Rabbit sizes can range tremendously, from 2 lbs to 20+ lbs depending on the breed. There are over 50 rabbit breeds recognized by the American Rabbit Breeders Association, from tiny dwarfs to giant Flemish. Some common breed size categories:

  • Small breeds: 2-4 lbs full grown

Small rabbit breeds include Netherland Dwarfs, Jersey Woolies, Britannia Petite, and Holland Lops. They usually reach maximum size by 6 months old.

  • Medium breeds: 5-8 lbs full grown

The most popular medium sized rabbit breeds are Mini Rex, Mini Lops, Dutch, Himalayan, and Polish. They finish growing around 8-9 months old.

  • Large breeds: 9-11 lbs full grown

Large rabbits include New Zealand, Californian, Chinchilla, and American rabbits. They may continue filling out past a year old.

  • Giant breeds: Over 11 lbs full grown

The biggest domestic rabbit breed is the Flemish Giant, which can weigh 13-22 lbs at maturity. French Lops are another giant breed weighing in over 13 lbs full grown.

  • Commercial breeds: 9-12 lbs full grown

Rabbits raised for meat purposes are usually a medium to large size breed. Common commercial breeds like California Whites reach 11-12 lbs at slaughter weight around 12-14 weeks old.

Other factors besides breed that influence a rabbit's full grown size:

  • Gender – Bucks (males) are often slightly larger than does (females)

  • Diet – Proper nutrition supports reaching optimal genetic size.

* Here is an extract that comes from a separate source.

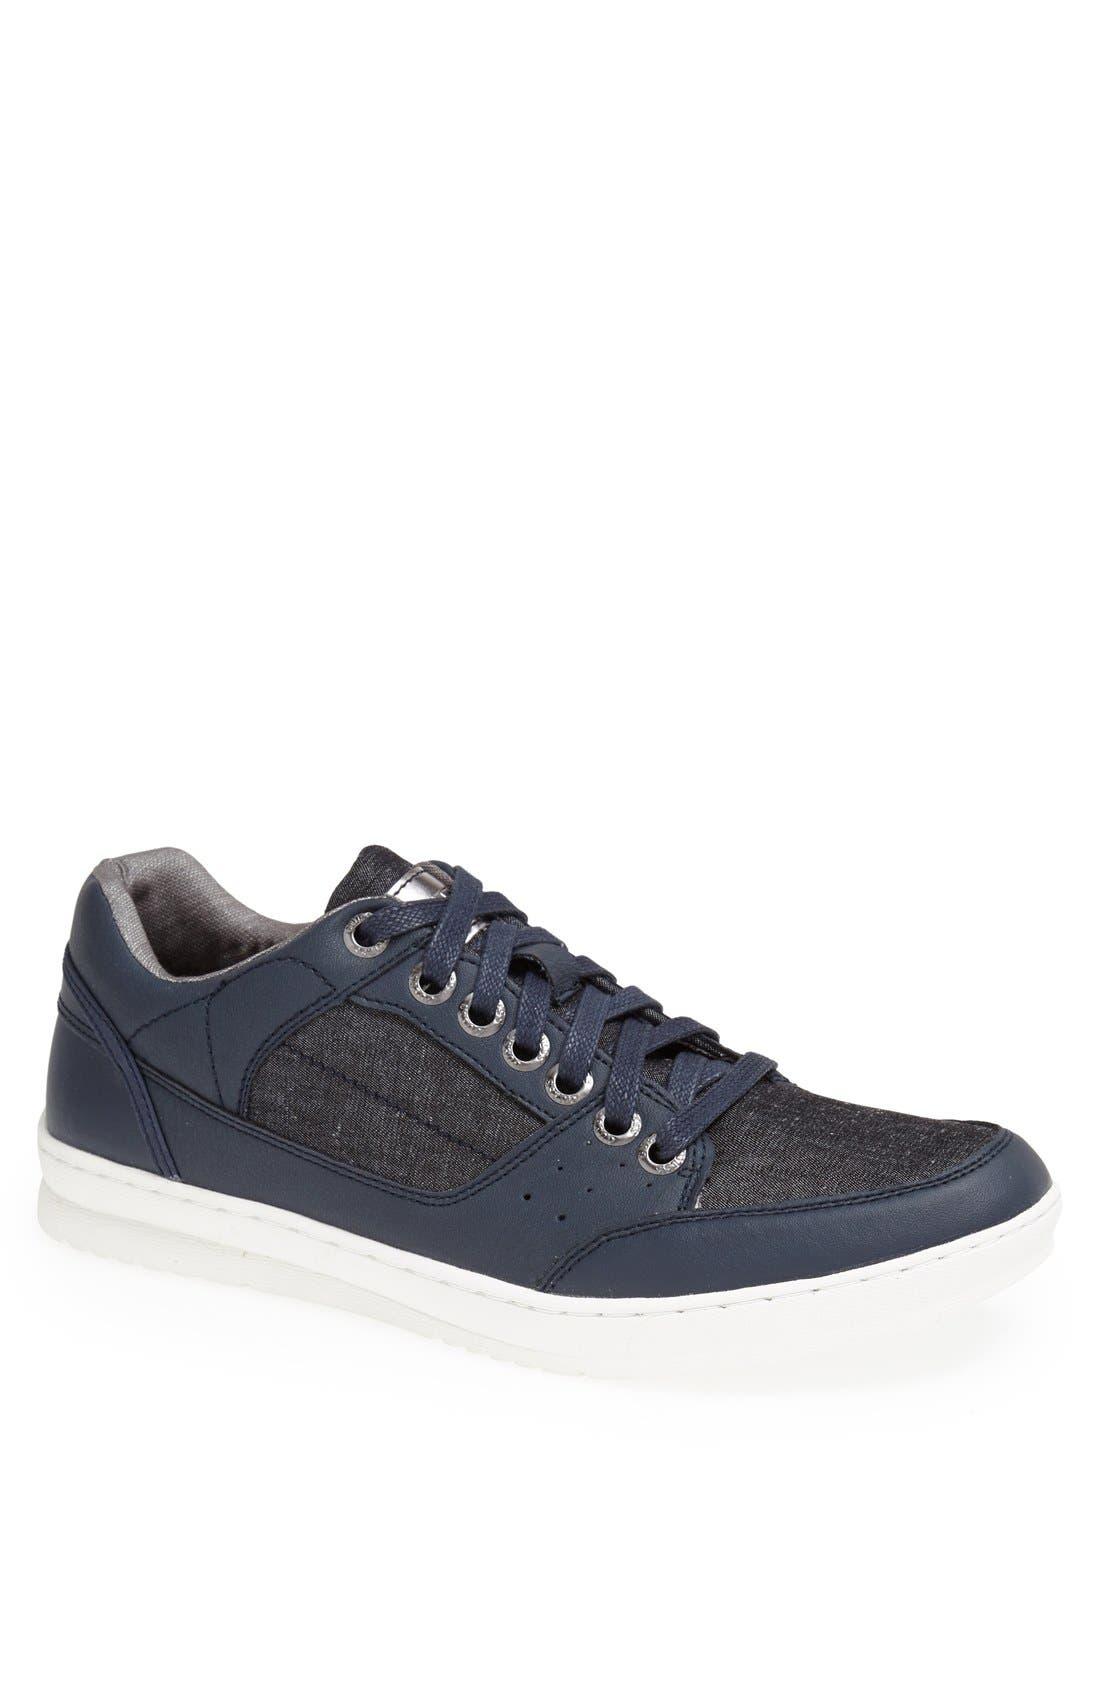 Alternate Image 1 Selected - GUESS 'Thurstan' Sneaker

  • Health – Illness or chronic issues may stunt growth.

  • Pedigree – Well-bred rabbits from proven bloodlines tend to better meet breed standards.

  • Birth weight – Heavier kits tend to grow into larger adults.

A rabbit's eventual adult size depends first on their genetics. Purebred rabbits from responsible breeders will become standard-size adults for their breed. Crossbred rabbits can be more variable in size. Providing proper care and nutrition allows each rabbit to reach their full growth potential.

Rabbit Size Comparison Chart

Breed Average Adult Weight
Netherland Dwarf 2 – 2.5 lbs
Holland Lop 3 – 4 lbs
Mini Rex 3.5 – 4.5 lbs
Dutch 5 – 5.5 lbs
Mini Lop 6 – 7 lbs
American 9 – 11 lbs
New Zealand 9 – 12 lbs
Flemish Giant 13 – 22 lbs

To put those rabbit sizes into perspective, here's how they compare to more familiar objects:

  • A 2 lb Netherland Dwarf is about the size of a grapefruit or a medium zucchini.

  • A 4 lb Holland Lop is similar in size to a jug of milk or a small watermelon.

  • A 6 lb Mini Lop is approximately the size of a medium hubcab or a bowling ball.

  • An 11 lb New Zealand approaches the size of a medium-sized dog like a Corgi or Pug.

  • A 16 lb Flemish Giant is comparable in bulk to an average housecat or a large turkey.

The smallest domestic rabbit breed, the Columbia Basin Pygmy, averages just 1-1.5 lbs full grown – about the size of a pineapple.

On the other end of the spectrum, some exceptional Flemish Giants can weigh over 25 lbs, rivaling a mid-sized dog in heft.

Rabbits make great pets, adaptable for both urban apartments or roomy outdoor hutches. With such a range of mature sizes to choose from, there is a breed well-suited for just about any home.